If I deploy this to the Swarm using the following command:

docker stack deploy -c docker-compose.consul.master.yml consul

and then tail the output I get the following output showing a successful startup:

==> WARNING: BootstrapExpect Mode is specified as 1; this is the same as Bootstrap mode.
==> WARNING: Bootstrap mode enabled! Do not enable unless necessary
==> Starting Consul agent...
==> Consul agent running!
           Version: 'v0.9.3'
           Node ID: 'cb651a04-9aff-17f6-c5ab-2765fa7b0595'
         Node name: 'consul'
        Datacenter: 'dc1' (Segment: '<all>')
            Server: true (Bootstrap: true)
       Client Addr: 0.0.0.0 (HTTP: 8500, HTTPS: -1, DNS: 8600)
      Cluster Addr: 10.255.0.243 (LAN: 8301, WAN: 8302)
           Encrypt: Gossip: false, TLS-Outgoing: false, TLS-Incoming: false

==> Log data will now stream in as it occurs:

    2019/01/16 15:49:29 [INFO] raft: Initial configuration (index=1): [{Suffrage:Voter ID:10.255.0.243:8300 Address:10.255.0.243:8300}]
    2019/01/16 15:49:29 [INFO] raft: Node at 10.255.0.243:8300 [Follower] entering Follower state (Leader: "")
    2019/01/16 15:49:29 [INFO] serf: EventMemberJoin: consul.dc1 10.255.0.243
    2019/01/16 15:49:29 [INFO] serf: EventMemberJoin: consul 10.255.0.243
    2019/01/16 15:49:29 [INFO] consul: Adding LAN server consul (Addr: tcp/10.255.0.243:8300) (DC: dc1)
    2019/01/16 15:49:29 [INFO] consul: Handled member-join event for server "consul.dc1" in area "wan"
    2019/01/16 15:49:29 [INFO] agent: Started DNS server 0.0.0.0:8600 (udp)
    2019/01/16 15:49:29 [INFO] agent: Started DNS server 0.0.0.0:8600 (tcp)
    2019/01/16 15:49:29 [INFO] agent: Started HTTP server on [::]:8500
    2019/01/16 15:49:37 [ERR] agent: failed to sync remote state: No cluster leader
    2019/01/16 15:49:39 [WARN] raft: Heartbeat timeout from "" reached, starting election
    2019/01/16 15:49:39 [INFO] raft: Node at 10.255.0.243:8300 [Candidate] entering Candidate state in term 2
    2019/01/16 15:49:39 [INFO] raft: Election won. Tally: 1
    2019/01/16 15:49:39 [INFO] raft: Node at 10.255.0.243:8300 [Leader] entering Leader state
    2019/01/16 15:49:39 [INFO] consul: cluster leadership acquired
    2019/01/16 15:49:39 [INFO] consul: New leader elected: consul
    2019/01/16 15:49:39 [INFO] consul: member 'consul' joined, marking health alive
    2019/01/16 15:49:41 [INFO] agent: Synced node info

I then try and run my Spring Boot app on the Worker node using the following compose file called "docker-compose.services.2.yml" :

version: '3'
services:

  user-mgmt:
    image: smartdeployevo_usermgmt:latest
    ports:
      - "10500:10500"
    environment:
      - spring.cloud.consul.hostHealth=user-mgmt
      - spring.profiles.active=production
    labels:
      - "evo-type=service"
    networks:
      - smartdeploy_evo
    deploy:
      placement:
        constraints:
          - node.role == worker

networks:
  smartdeploy_evo:
    external: true

The Spring Boot web application tries to connect to the Consul server using the host alias "consul" on port 8500.
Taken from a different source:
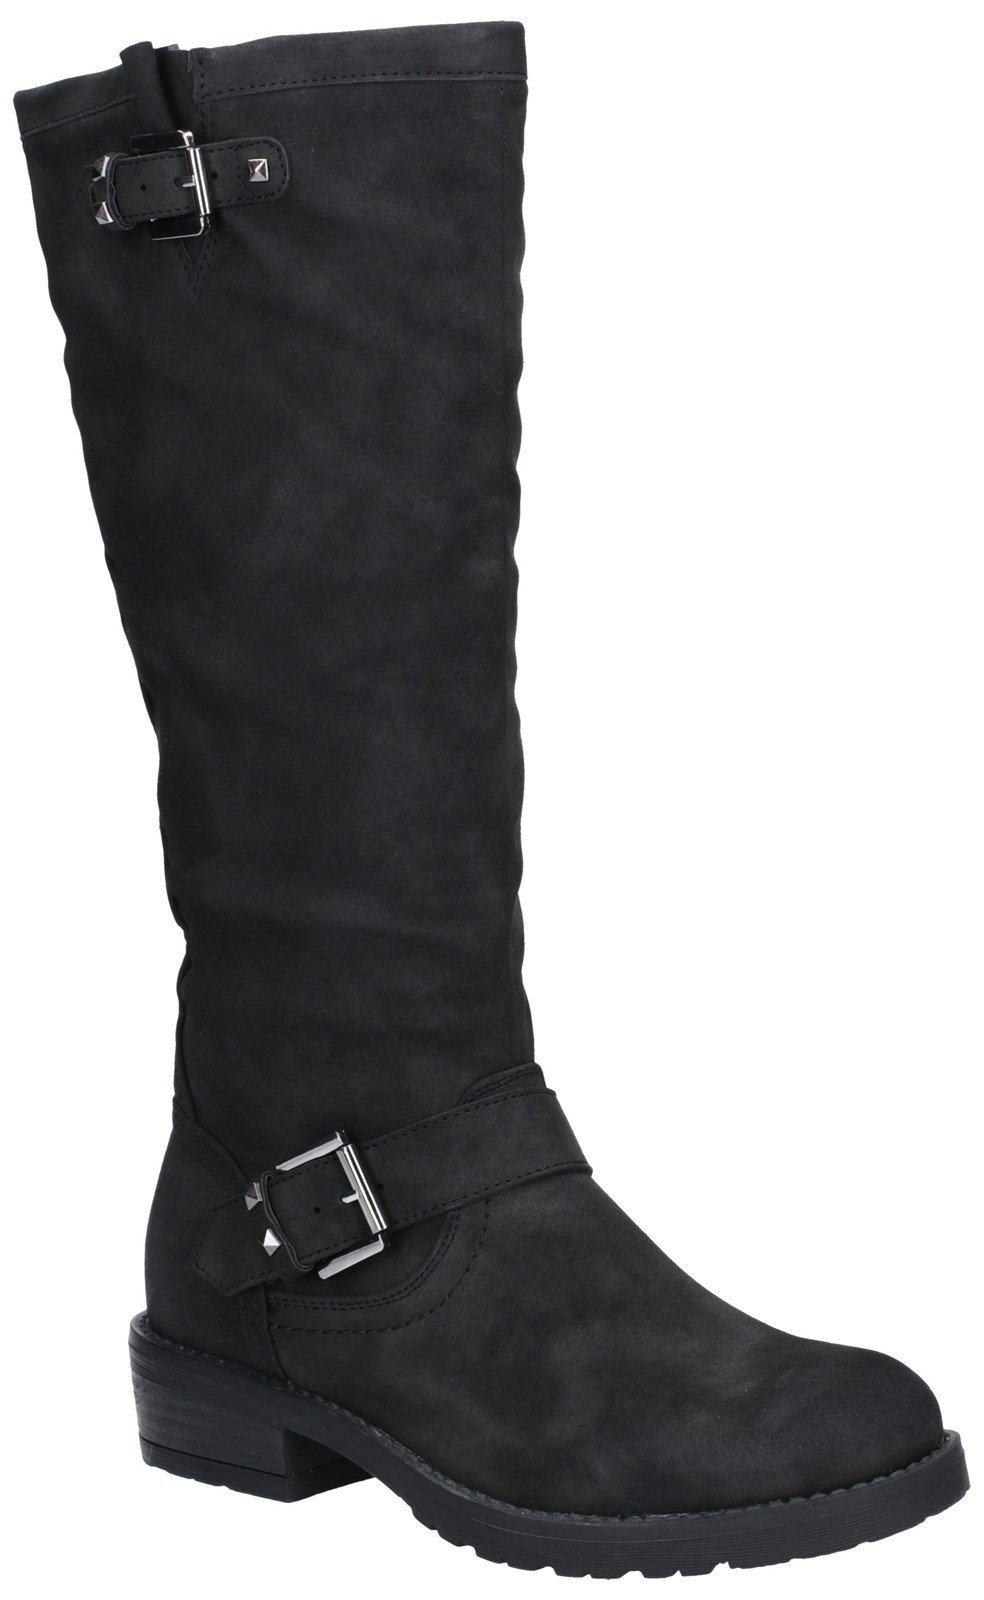 Divaz Women's Courtney Zip Up Boot Black 27167-45653 - Black 3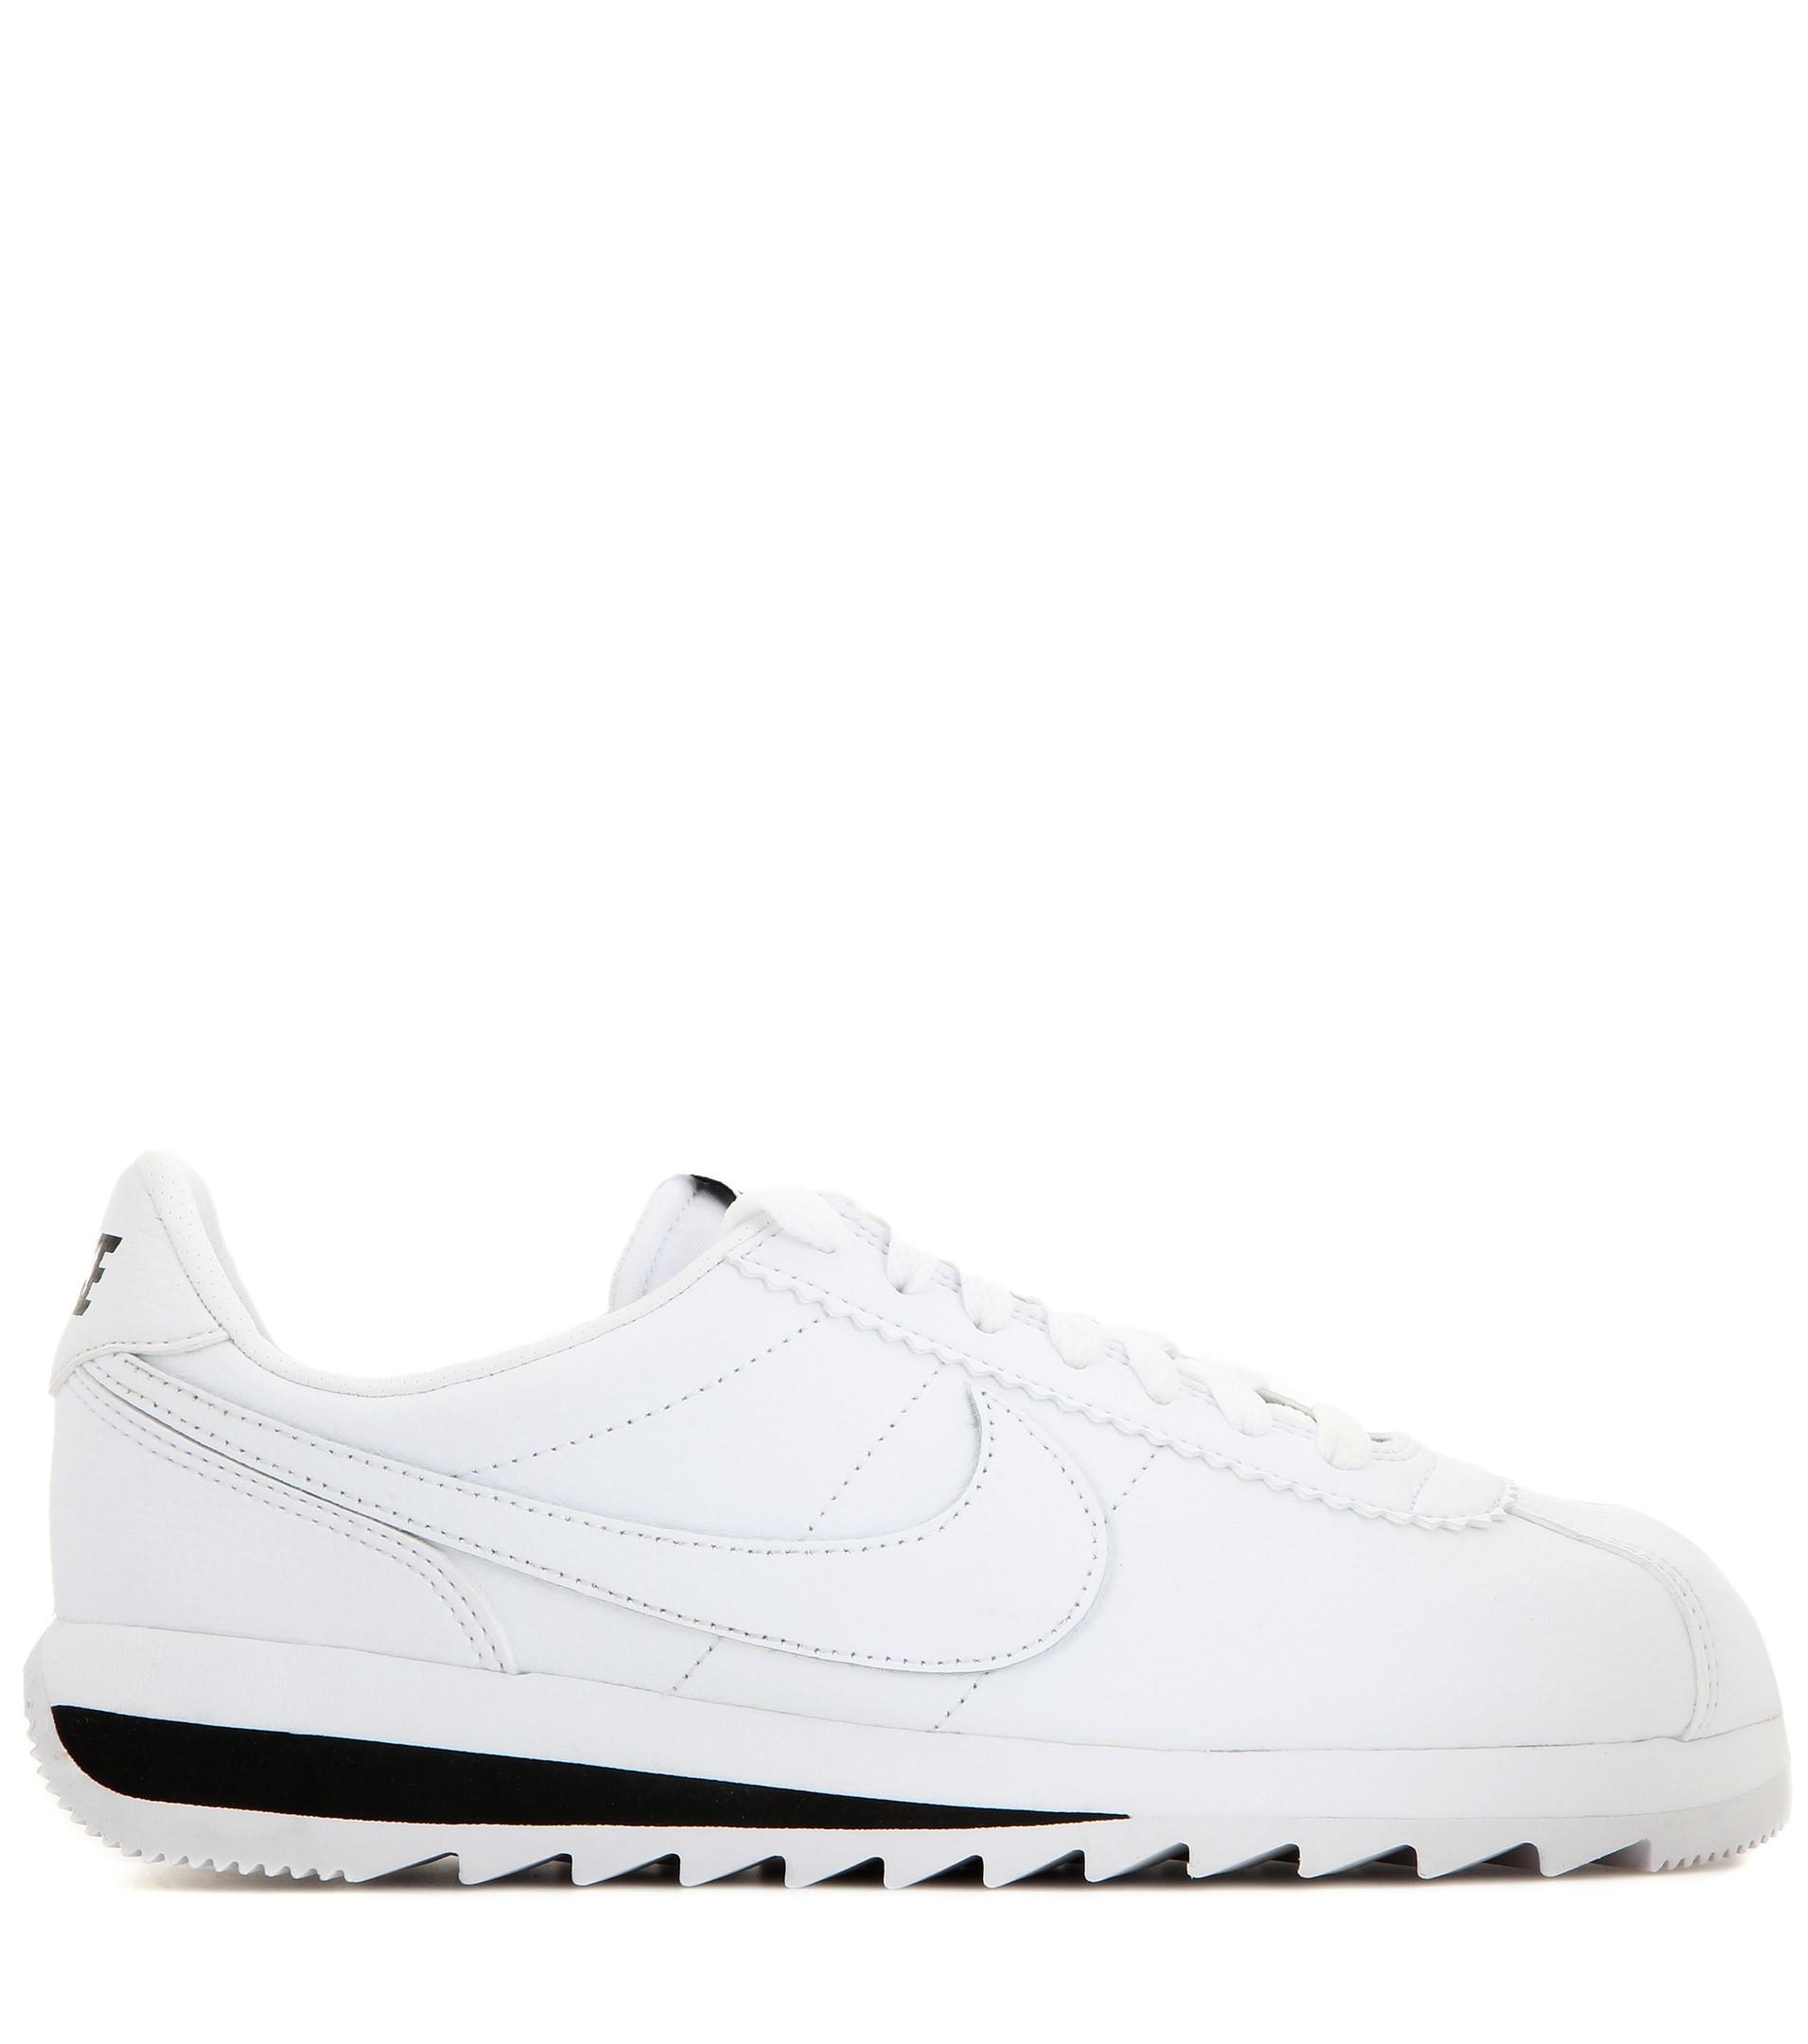 buy popular e2f9a db018 ... uk lyst nike classic cortez epic premium leather sneakers in white  8c4d8 49f1e

I deploy this service to the stack using the command:

docker stack deploy -c docker-compose.services.2.yml springboot

The Spring Boot app fails at startup with the following errors:

2019-01-16 15:51:38.753 ERROR [user-mgmt,,,] 1 --- [           main] o.s.c.c.c.ConsulPropertySourceLocator    : Fail fast is set and there was an error reading configuration from consul.
2019-01-16 15:51:38.766 ERROR [user-mgmt,,,] 1 --- [           main] o.s.boot.SpringApplication               : Application run failed

com.ecwid.consul.transport.TransportException: org.apache.http.conn.HttpHostConnectException: Connect to consul:8500 [consul/10.0.2.110] failed: Connection refused (Connection refused)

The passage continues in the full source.